Dois ensaios do livro contam uma história que Affonso considera pedagógica para artistas que têm pressa em fazer sucesso: a de escritores que tiveram obras recusadas, como Proust que tentou em vão publicar seu Em busca do tempo perdido - tendo sido rejeitado, na editora Gallimard por André Gide – até resolver custear a publicação do primeiro volume. Guimarães Rosa perdeu um concurso literário por voto de Graciliano Ramos. Scott Fitzgerald colecionava 120 cartas negando a veiculação de seus contos. O mesmo aconteceu com Wittgenstein e Tomasi di Lampedusa, entre muitos outros, de uma lista qualificada como espantosa.
Noutro texto, em que afirma que arte é transfiguração, Affonso comenta a polêmica questão da transgressão nas manifestações artísticas. Numa entrevista recente, disse que Hoje, arte não precisa mais ser transgressão, até porque tudo já foi transgredido.

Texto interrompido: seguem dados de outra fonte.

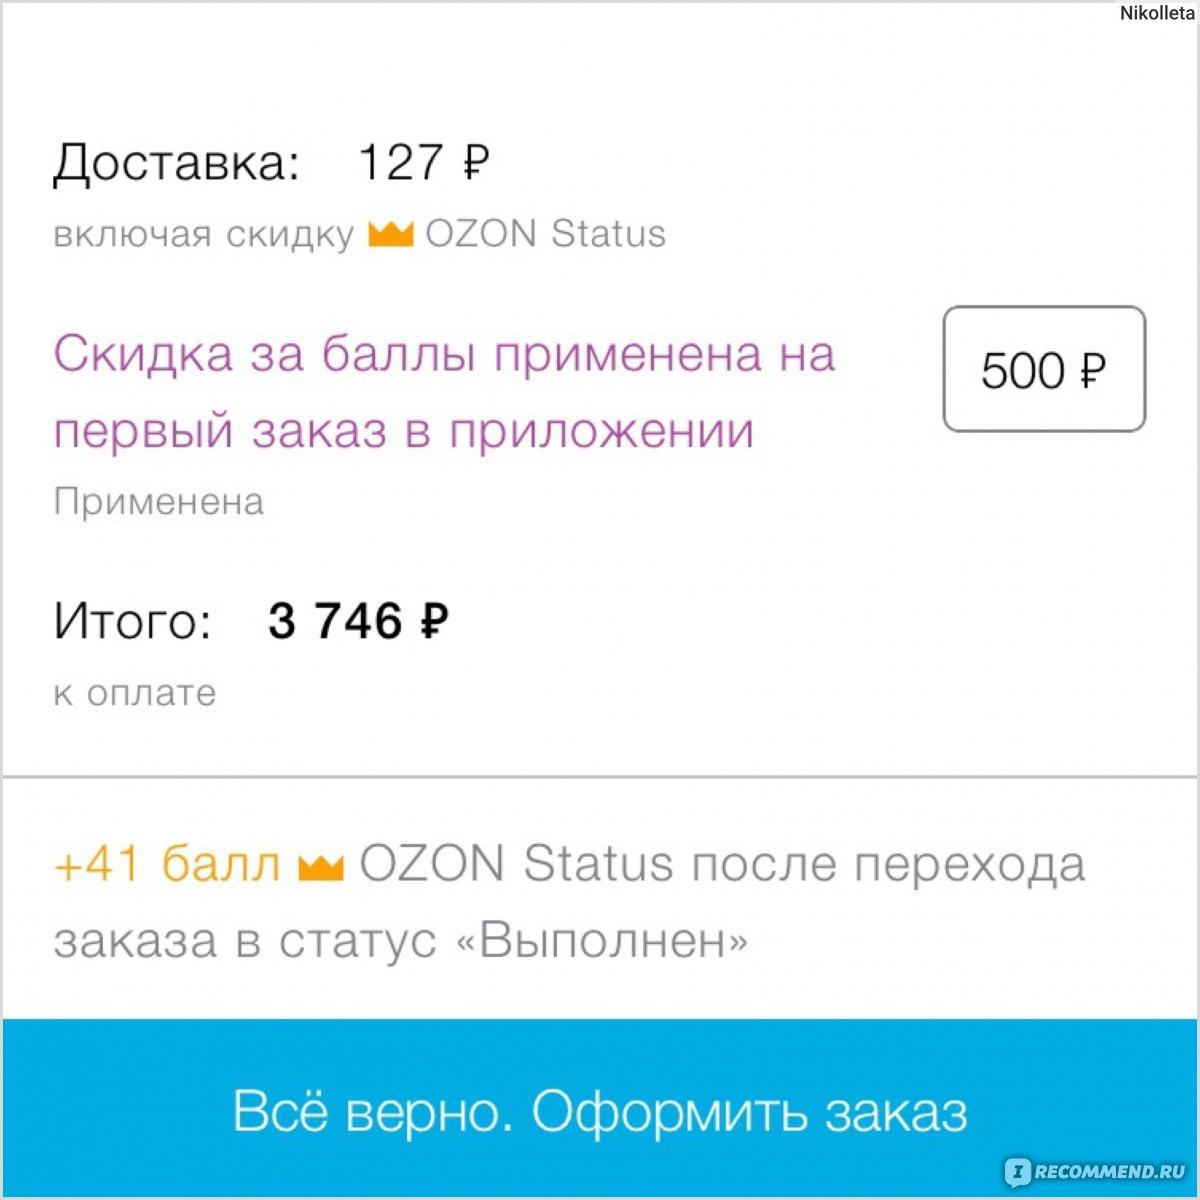 Ozon.ru» - интернет-магазин - «Самый НЕОДНОЗНАЧНЫЙ интернет-магазин ... c0e4488954a
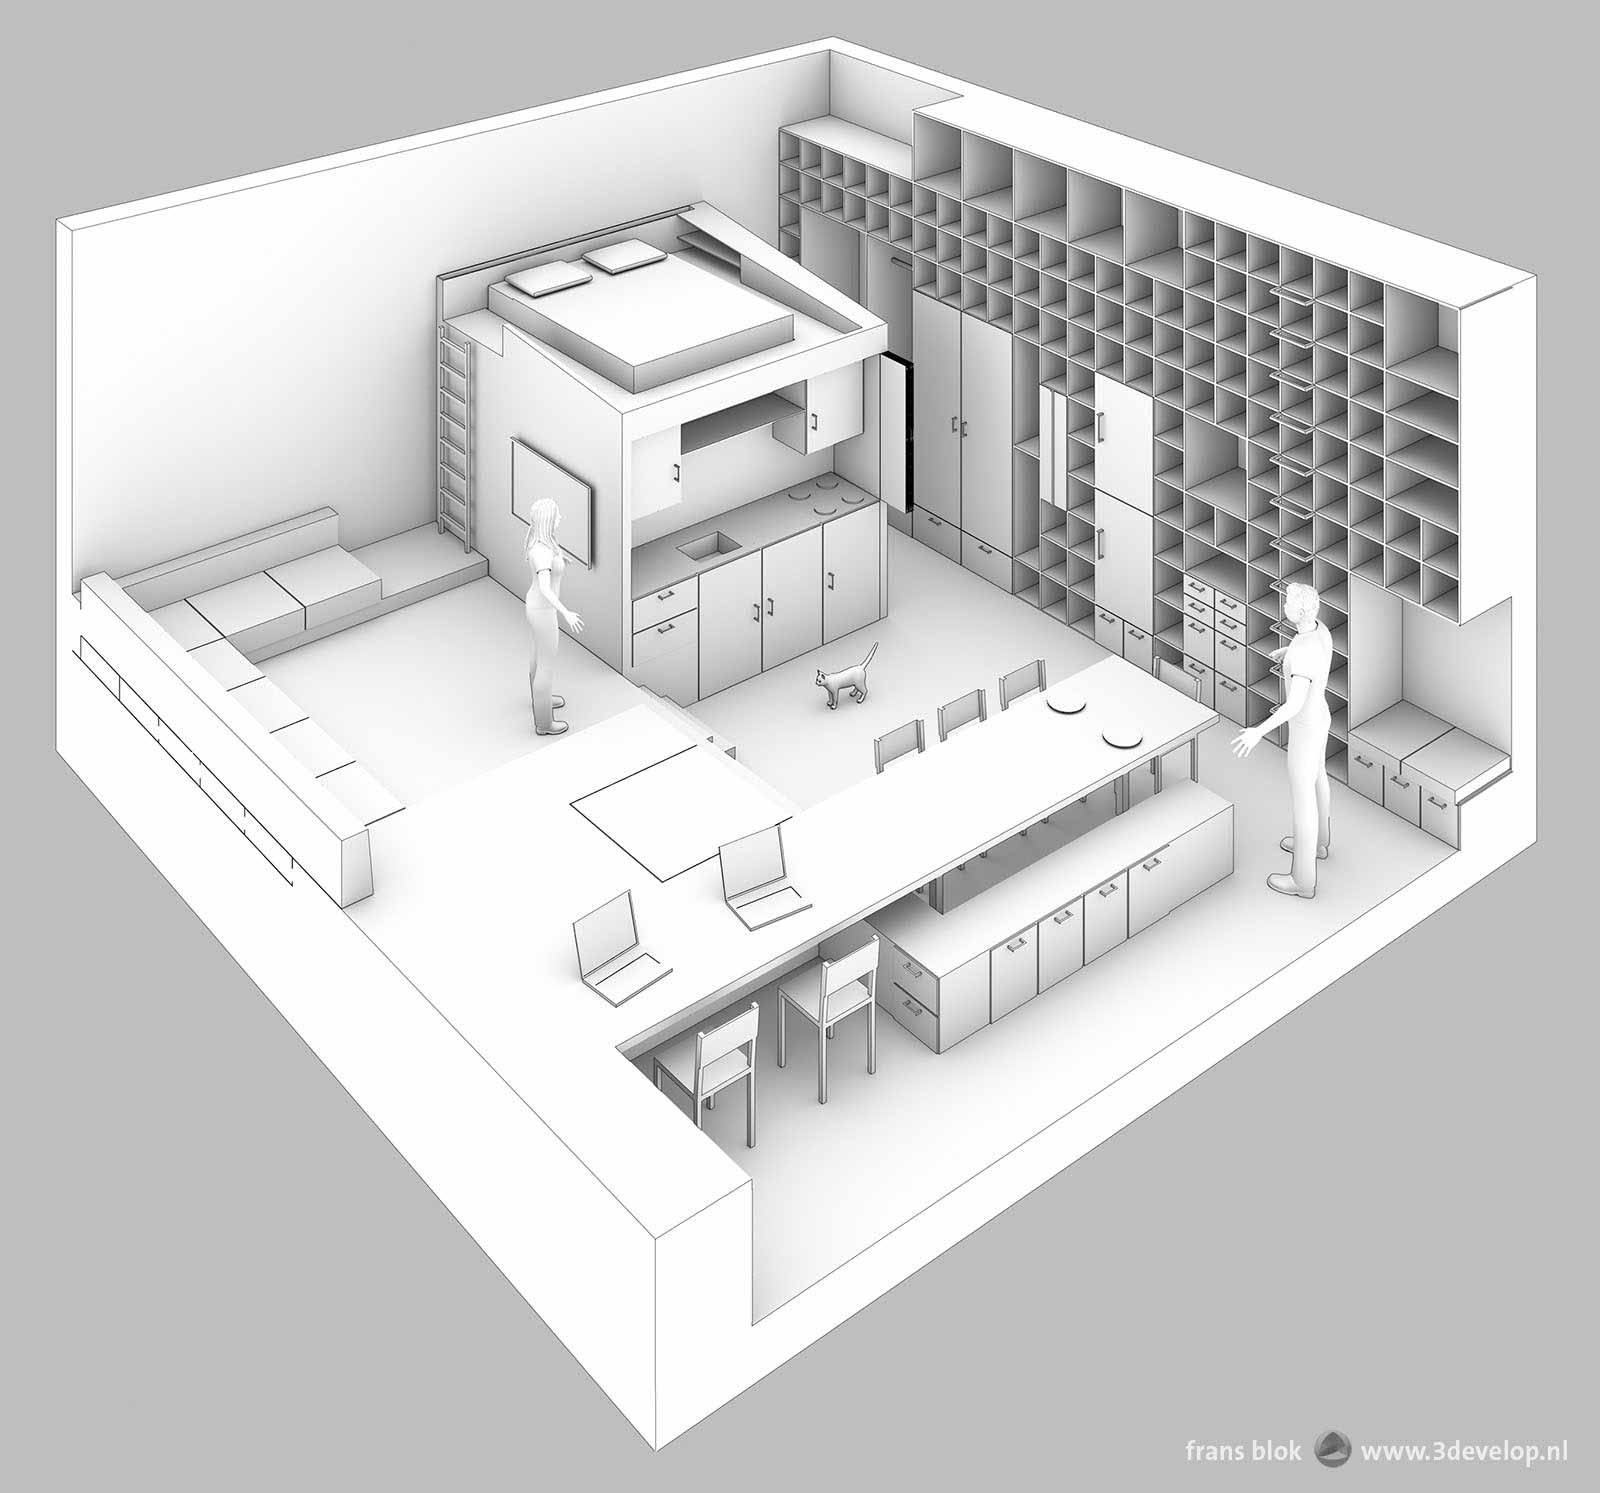 Axonometric artist impression of a condo, a compact urban appartment.

Há sim que construir o belo, o superior, com fragmentos do caos. “Se agressão fosse arte, qualquer bandido da esquina seria um grande artista,”concluiu.
Sobre porcos e artistas
Também bastante atual, a abertura de espaço à cultura da periferia (que não é um fenômeno exclusivamente brasileiro) pode assumir um caráter paternalista, porque o centro tende a absorver tudo. A relação entre centro e periferia, que se tornou muito ambígua e complexa, também merece a atenção do autor, para quem “precisamos caminhar para um policentrismo, com equilíbrio entre vários centros”.
Um grupo de seis crônicas das mais interessantes do volume, que chama a atenção por sua originalidade, é o Real romance de M. Haritoff, em que a narrativa de um caso de amor incorpora descobertas do escritor, sobre documentos que ajudam a recontar a história dos últimos anos do império brasileiro.

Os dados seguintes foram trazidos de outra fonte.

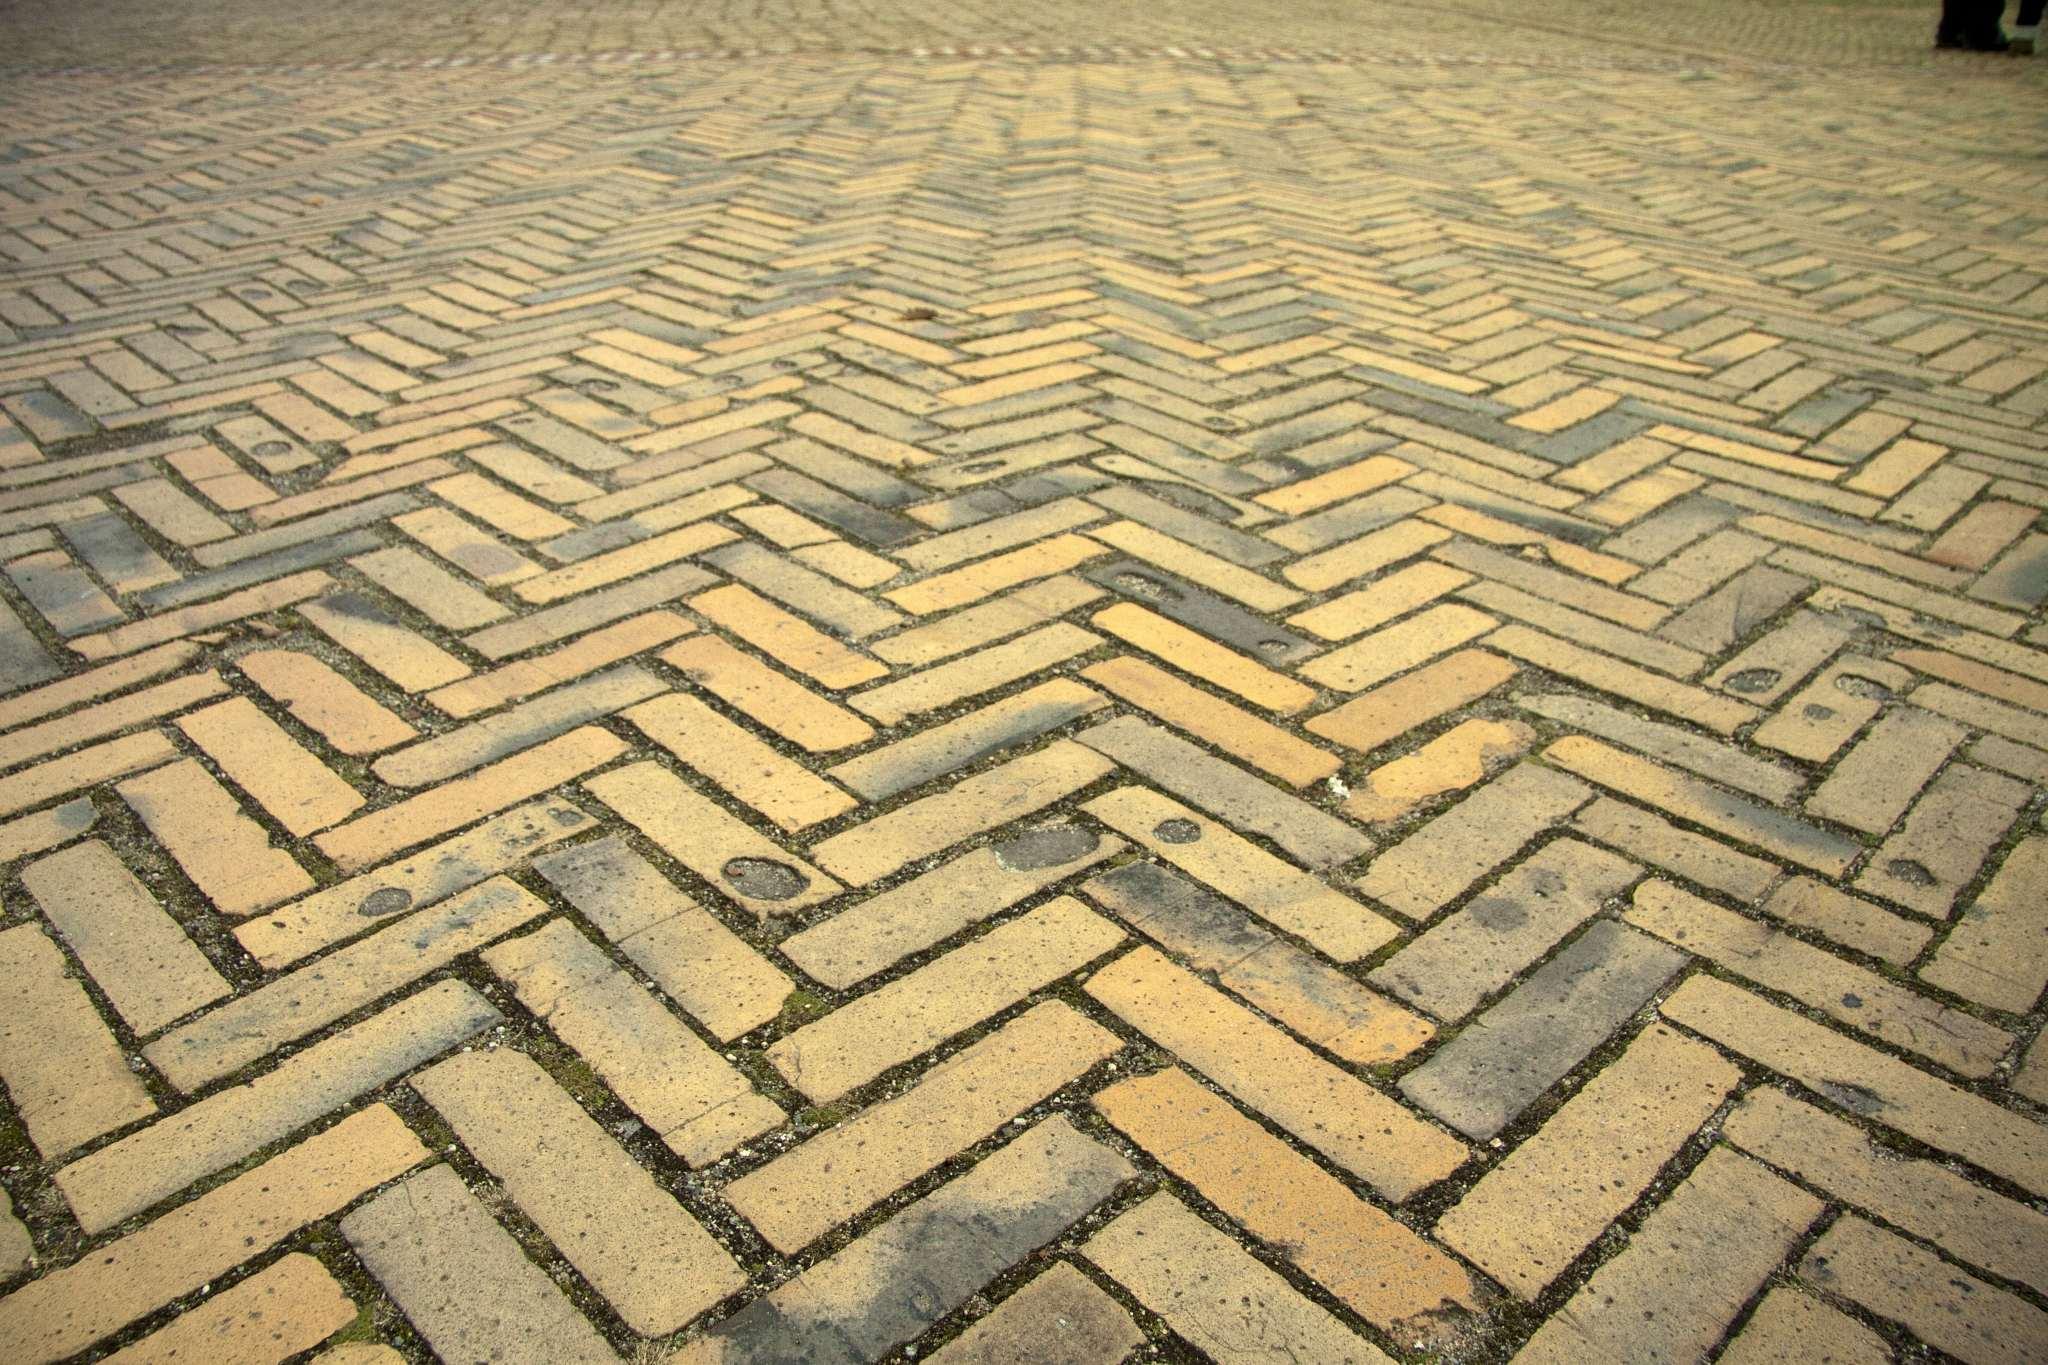 tesselation underfoot

“Sobre os que se deixam enfeitiçar, se deixam levar pela ideologia dominante, que lhes dá um falso consolo ao andarem com a manada, com essa horda de sonâmbulos nesse delírio de ambulatório da modernidade”, ele lembra a alegoria de Alberto Moravia. Nela, o autor italiano reescreve episódio da Odisséia, mostrando homens que se transformam em porcos por vontade própria e não pelo efeito da mágica da bruxa Circe, como no original de Homero. Afinal, se todos são iguais, alguns são mais iguais que os outros, dizia Orwell em outra célebre parábola suína, A revolução dos bichos...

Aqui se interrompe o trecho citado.